Through the company’s Direct Connection high-performance parts service (another throwback) buyers can also turn the Hornet GT into a “new” GLH, a play on the old Dodge Omni name for its high-performance version. That comes with lowering springs and a sports exhaust among other options.
Dodge extended the look of the Durango to the Hornet with large air openings in front and a full-width taillight, the new “Rhombi” logo and dual exhaust in back.
A new cartoon Hornet badge joins the Hellcat and Scat Pack badges for the brand.
“This was a fun car for us to do. The Hornet was just a blast in the sense of how we design a car. There’s going to be a little brother to the Brotherhood of Muscle that we have with Durango, Challenger and Charger,” said Scott Krugger, head of Dodge Exterior Design.
“What we’re trying to do is make a car that is very gestural, something that really looks fast when it’s sitting still with more coupe in the roofline. We did not want to do a utility vehicle, we wanted to do a compact muscle car. That’s really what we’re going after a crossover that has that muscle car appearance, a very clean body side and very pure.”

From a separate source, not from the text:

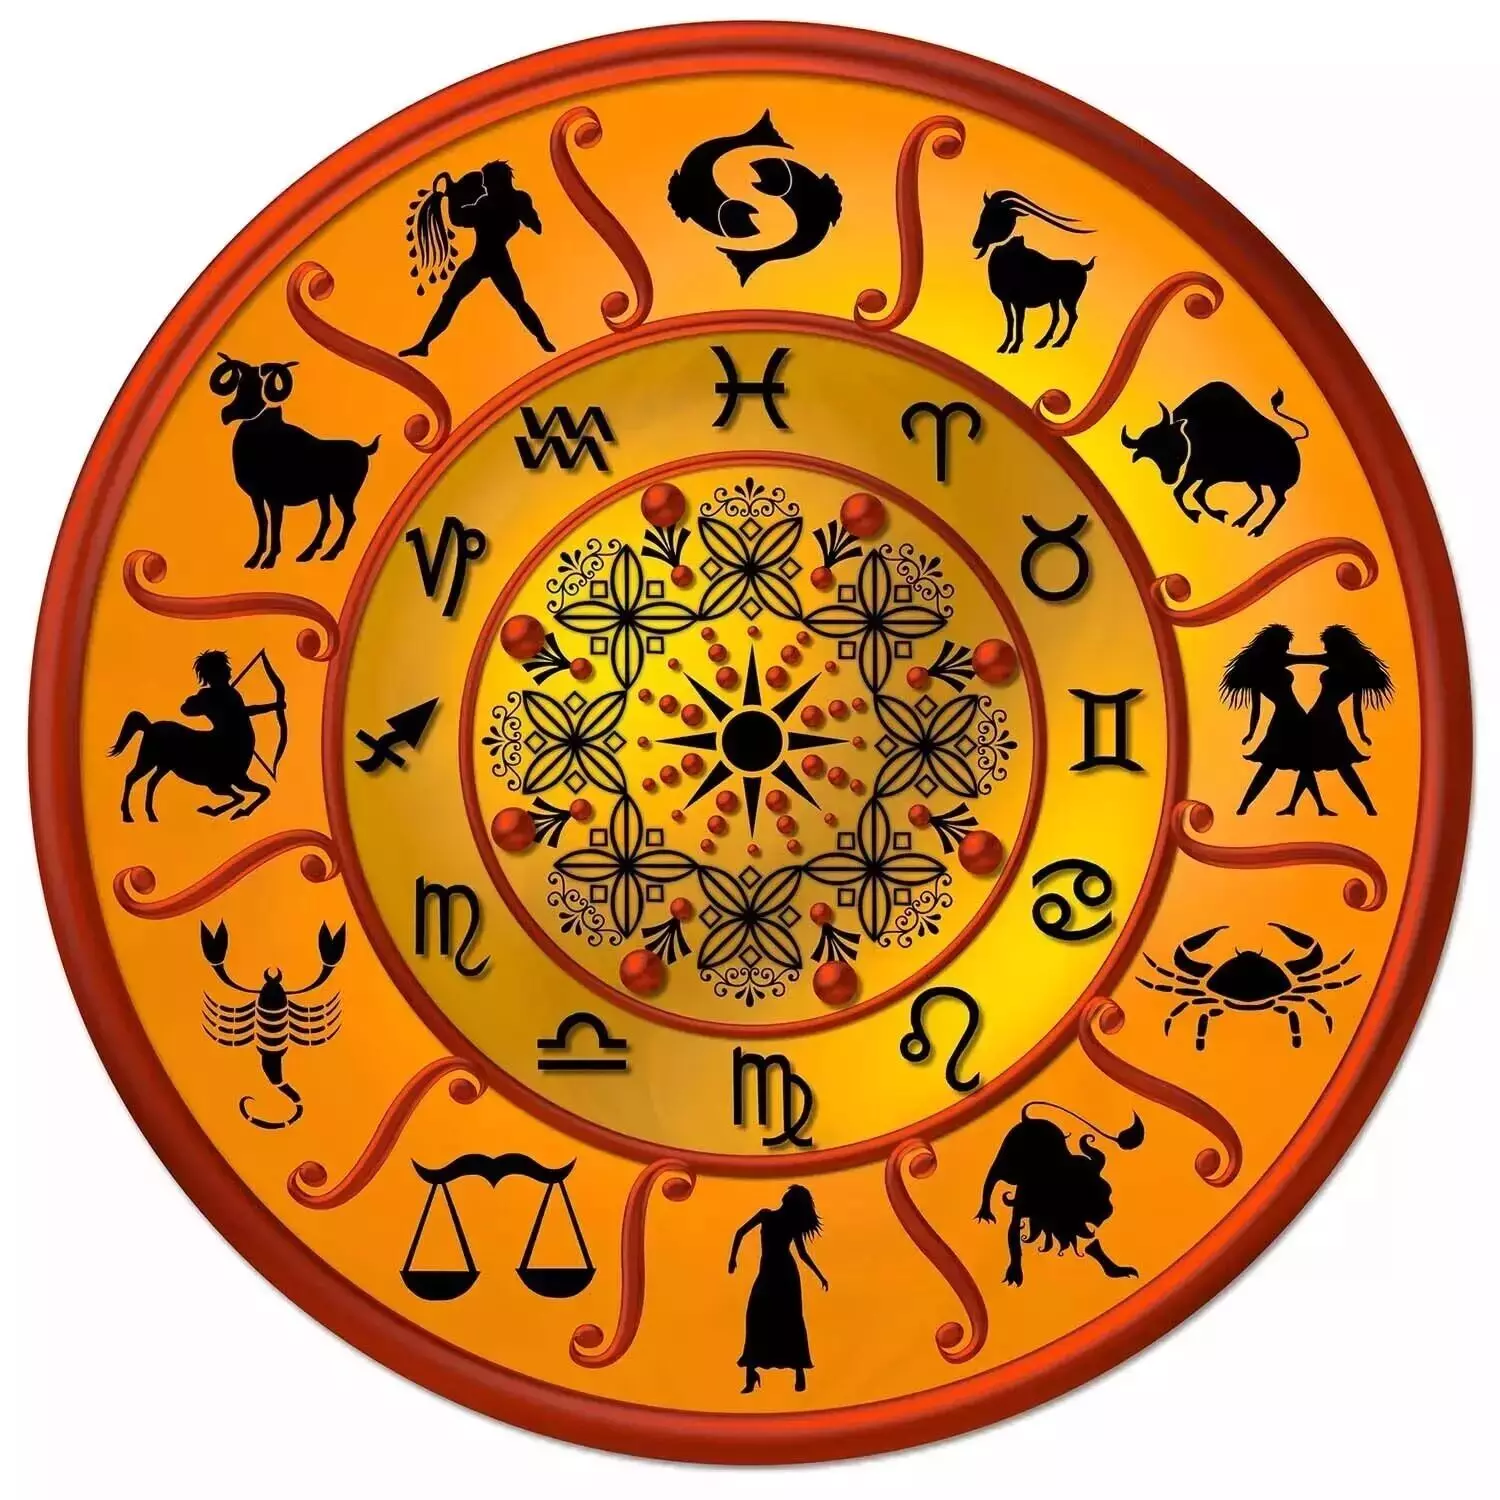 18 November – Know your todays horoscope

Inside, the Hornet holds a similar look to the Charger and Challenger, though the angles are a little sharper. Everything is still focused on the driver. Like the rest of the Dodges, the Hornet will have a digital instrument cluster (this one measuring 12.3 inches) behind the steering wheel with customizable looks and performance gauges.

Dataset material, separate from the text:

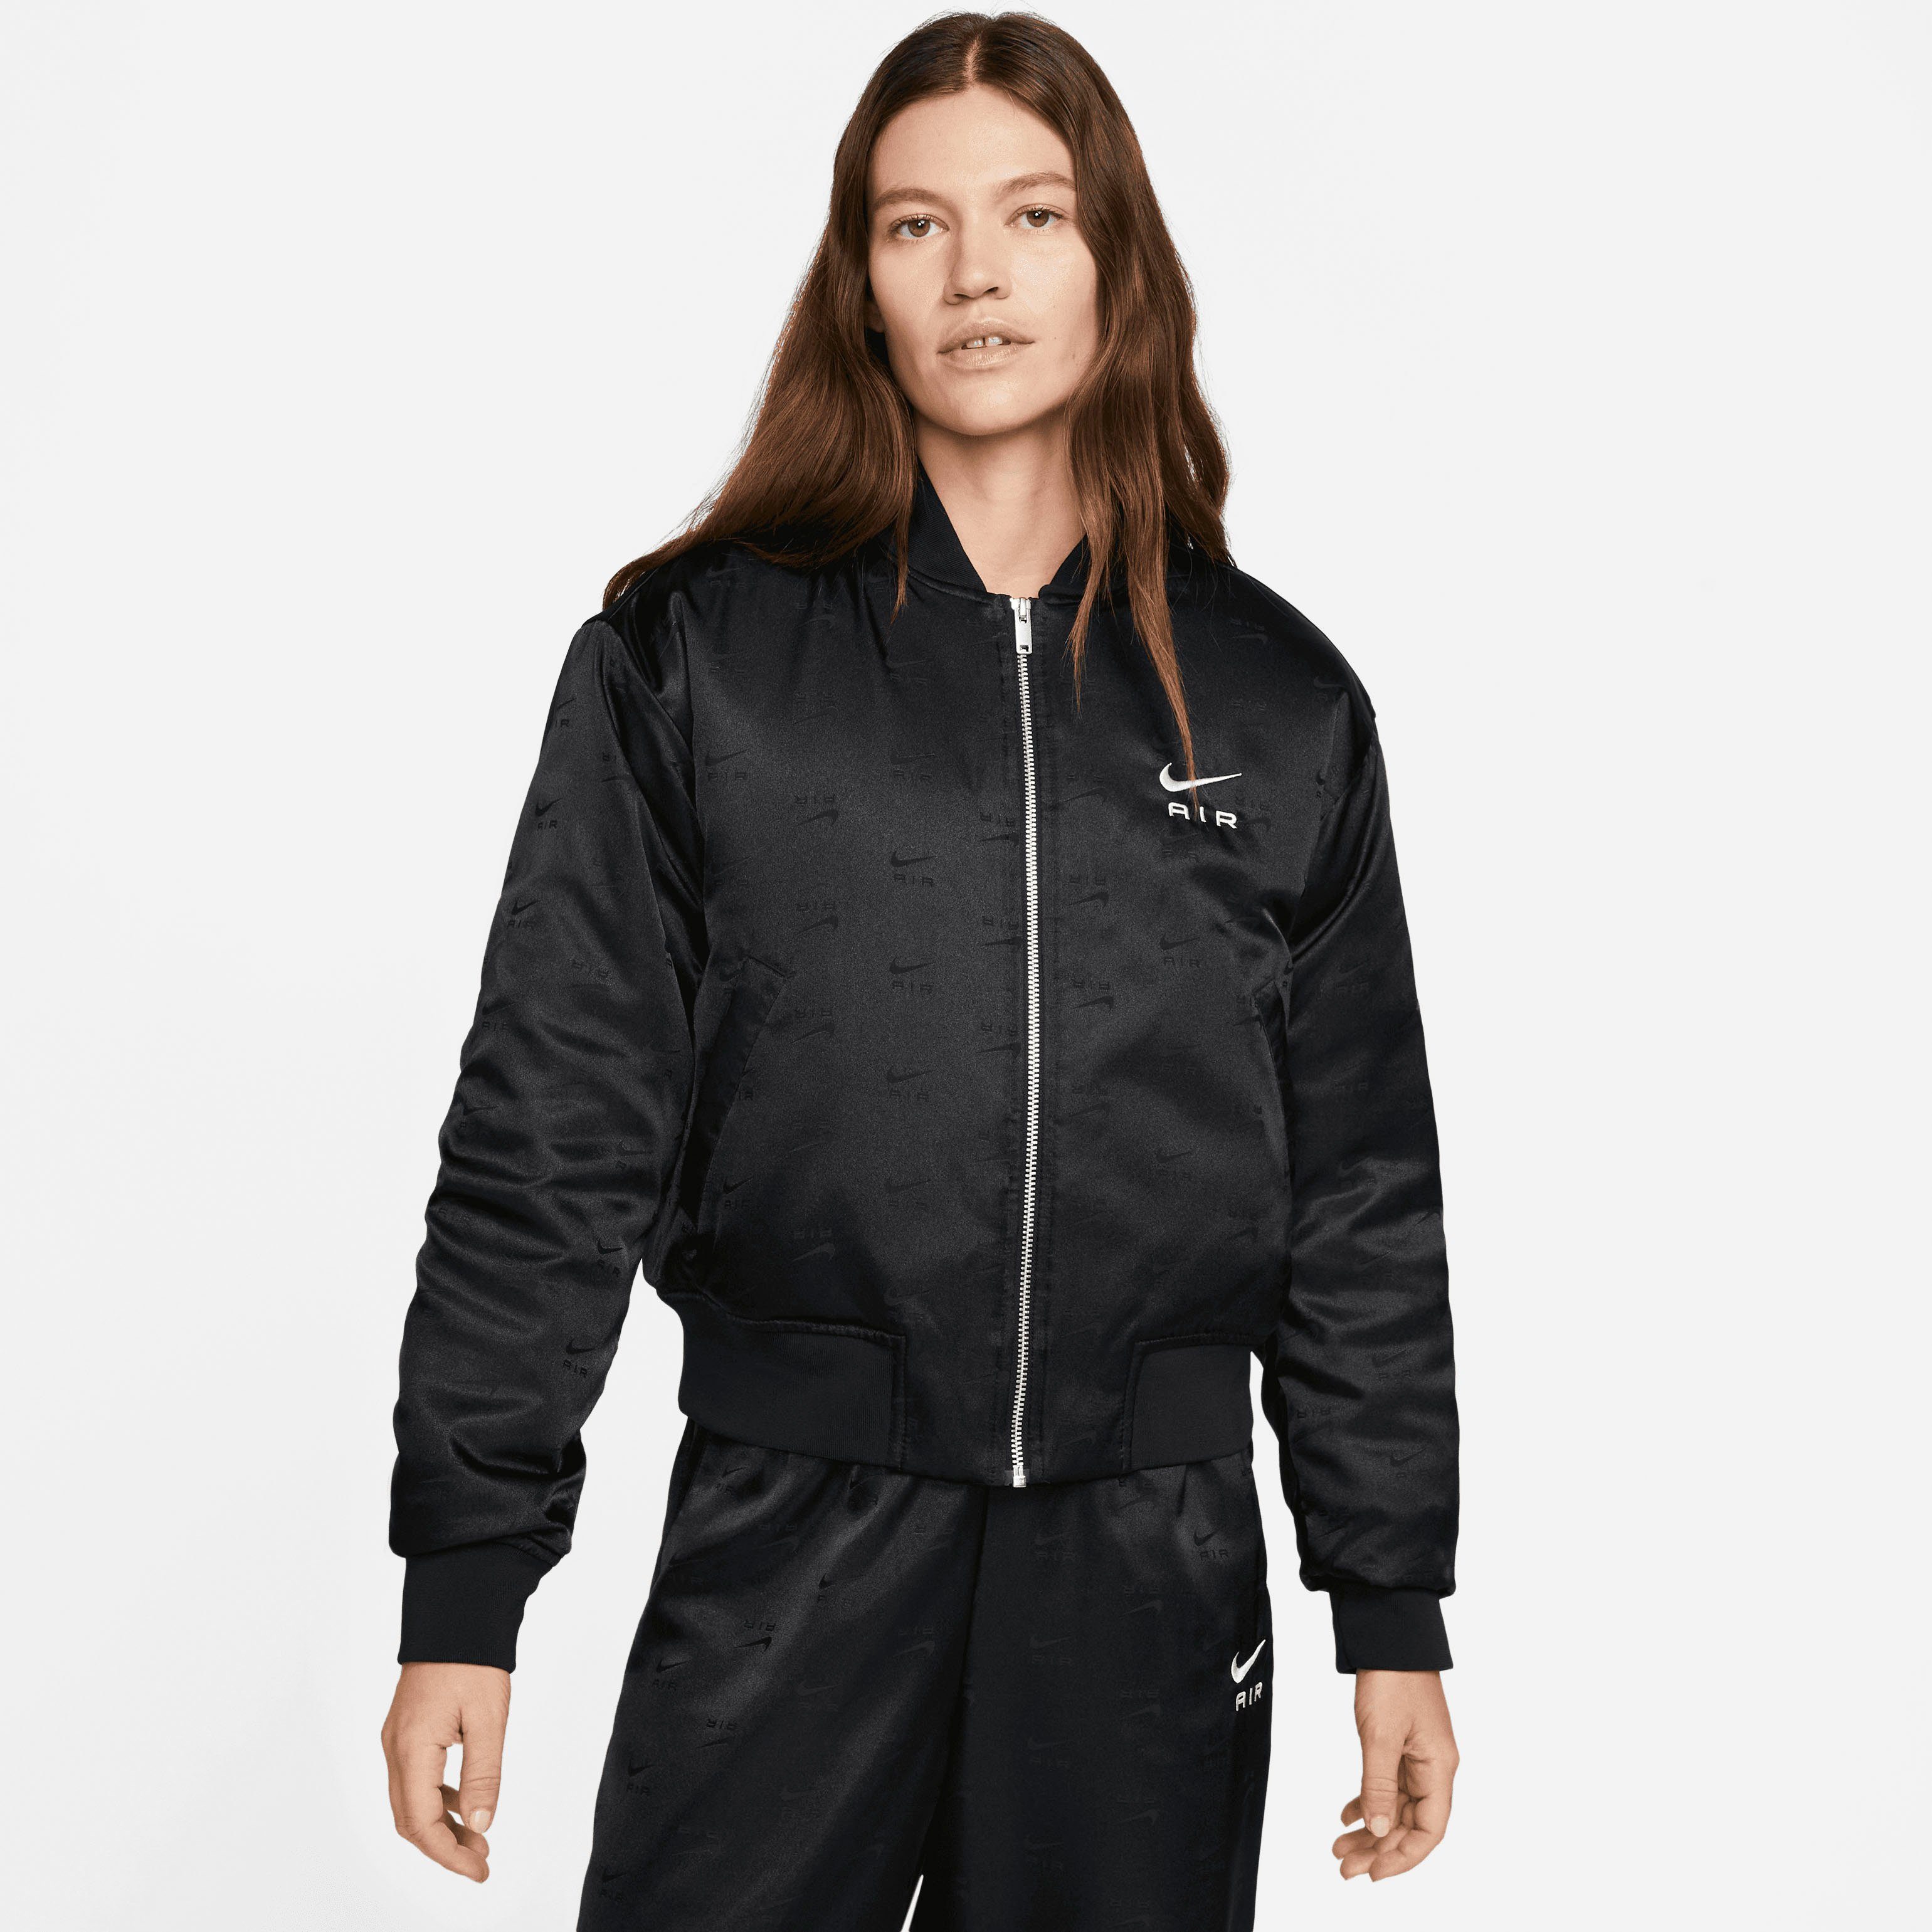 [Kostenloser Versand landesweit] Sportswear Blouson Nike Women's Bomber Air Jacket

The right side can feature a tachometer, with media, phone, trip, fuel economy, or other information inside the digital gauge. The center can feature navigation, g-force meter, driver assist messages and more. On hybrid Hornets, the central portion will also show charging information and efficiency coaching for better fuel economy.
A 10.25-inch touch screen infotainment system is the focal point of the dashboard with the latest version of the company’s Uconnect infotainment system. Wireless Apple CarPlay and Android Auto are standard.
The Hornet cabin includes a flat-bottom steering wheel with dark materials and red accents, and a start button on the console. The cloth seats have a texture to them in addition to more bolstering than one would usually see in this class. R/T models get leather-wrapped seats and more red accents.
The Dodge Hornet will offer Level 2 autonomous driving with Intelligent Speed Assist, traffic sign recognition, adaptive cruise control, automatic emergency braking, lane keeping, blind spot detection and rear cross-traffic alert.
It will be competing in one of the toughest segments elbowing for sales alongside the Toyota RAV4 and Honda CR-V, both of which start for less money but both with smaller engines. From the American side there’s the Ford Escape and the Chevrolet Equinox. Ford, Honda and Toyota offer hybrids; the Equinox EV is coming in 2024.
“Dodge has built its brand around its heritage as well as – and in some cases better than – any other in the industry,” Hagerty Vice President of Car Culture Jonathan Klinger told Newsweek. “Names are nostalgia and can be as important as design and performance at invoking emotion and even purchase decisions. You can trust that a little bit of the original DNA will carry through to whatever their team is developing. If the new Dodge Hornet has half the charm of the original AMC, they will be responsible for a lot of smiles.”
Pricing for the 2023 Dodge Hornet starts below $30,000. The Hornet R/T will start around $39,500. Exact pricing is expected to be announced closer to the model’s launch date.
The 2023 Dodge Hornet GT opens for orders August 17 and will reach dealers in December 2022. The Hornet R/T arrives in spring 2023.